I am not overall thrilled with that particular picture because I think universal design would have a wider remit and wouldn't only be linked into mainstream house. I think it could be spread out to how it supports principles across a wider range. But I think you get the idea that here in Ireland, we have a lot of mainstream settings but we're very thin on the ground in relation to some of our specialized housing and other models of housing where some of these technologies make come alive.

Part of this is around how do we see these markets growing and where will the funding come from? And we have funding come inning from two directions. The fair deal in relation the formal nursing care and home supports and home care packages come inning on the more mainstream models.

We have also got different sources in relation to capital, whether or not it's the Department of Environment or local authorities and the Department of Health and the HSE. I think the thing we have got is how might we be able to resource some of the technologies coming into the middle sphere and some of the options we need to look at are around is it around enhancing home support packages?

Is it loosening up the fair deal or some form of pooling?

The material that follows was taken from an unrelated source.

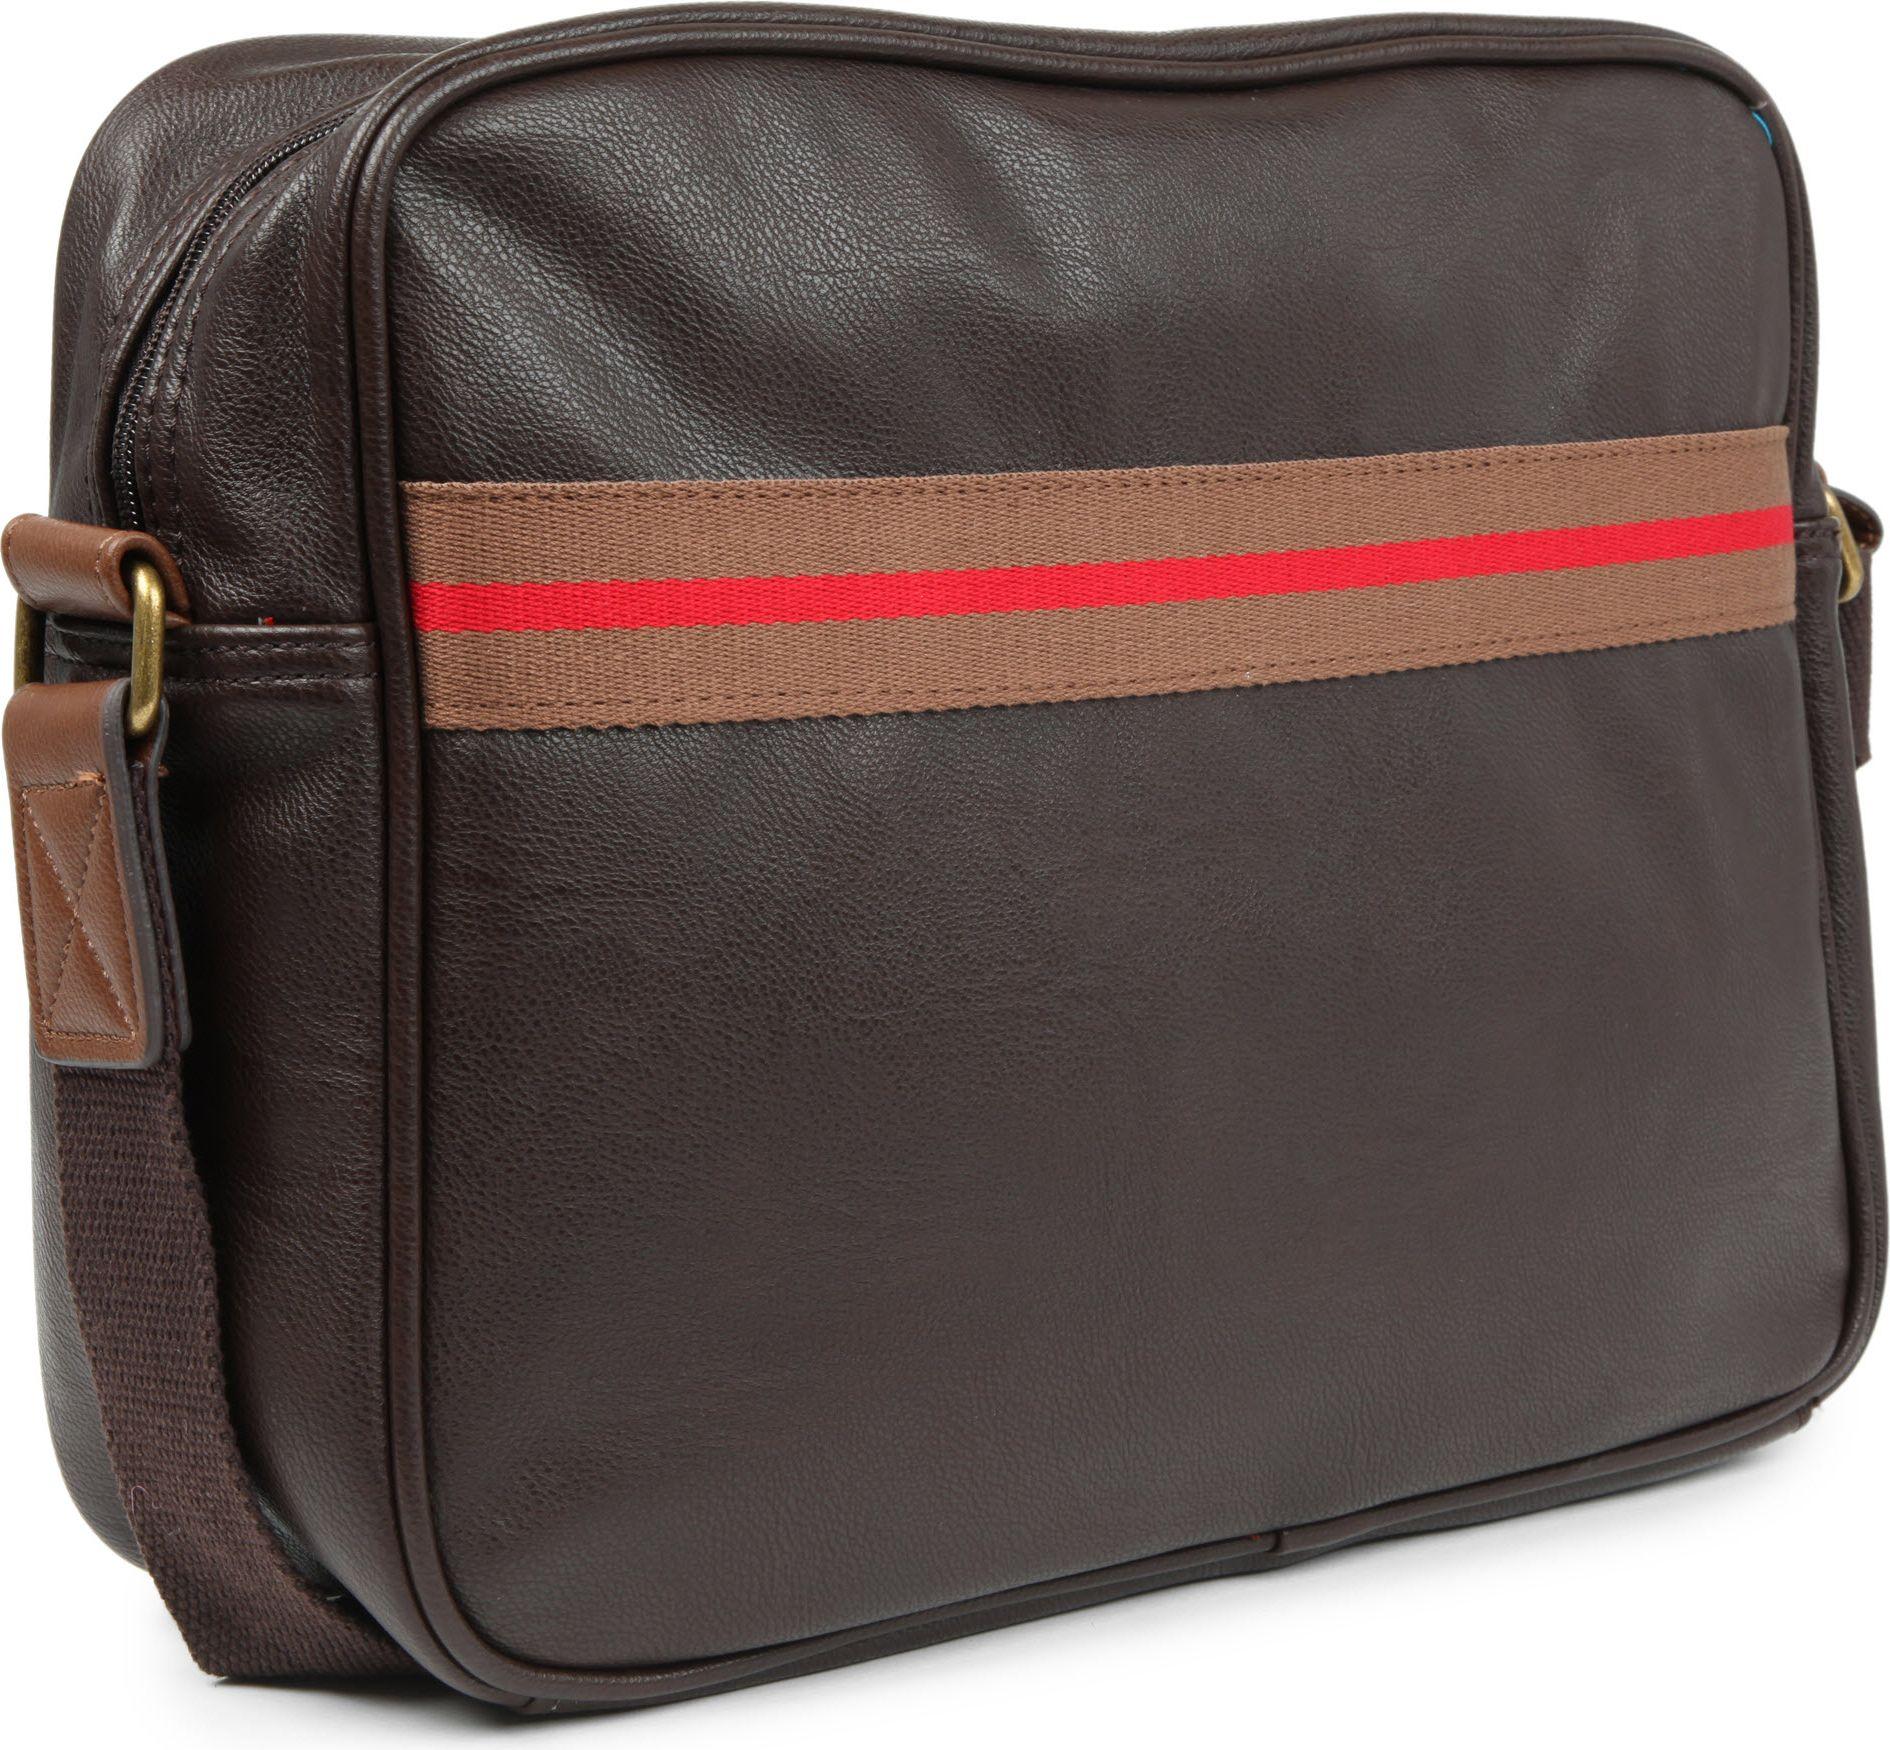 Ted Baker Toswim Messenger Bag in Black for Men - Lyst 8e24d2fde2798

Is it insurance or is it a wider consumer market or is it some combination of all three? But I'm conscious that we have market barriers towards the take of some of these technologies and I think it's one of the things we need to address.

So I suppose my final question is really, can we develop a viable social market to simulate these innovations and bring them into a way that can sustain growth and enhance quality of life for people in their homes and the quality of services going forward.

Just so say first of all thank you very much for allowing me to come in, remotely in this presentation and for being there with you virtually. I think for me the smart agenda is all around connecting and empowering and I hope if you were able to are hear me from that side, some of the Skype technology might be a good example of how we might be able to do that. So thank you very much.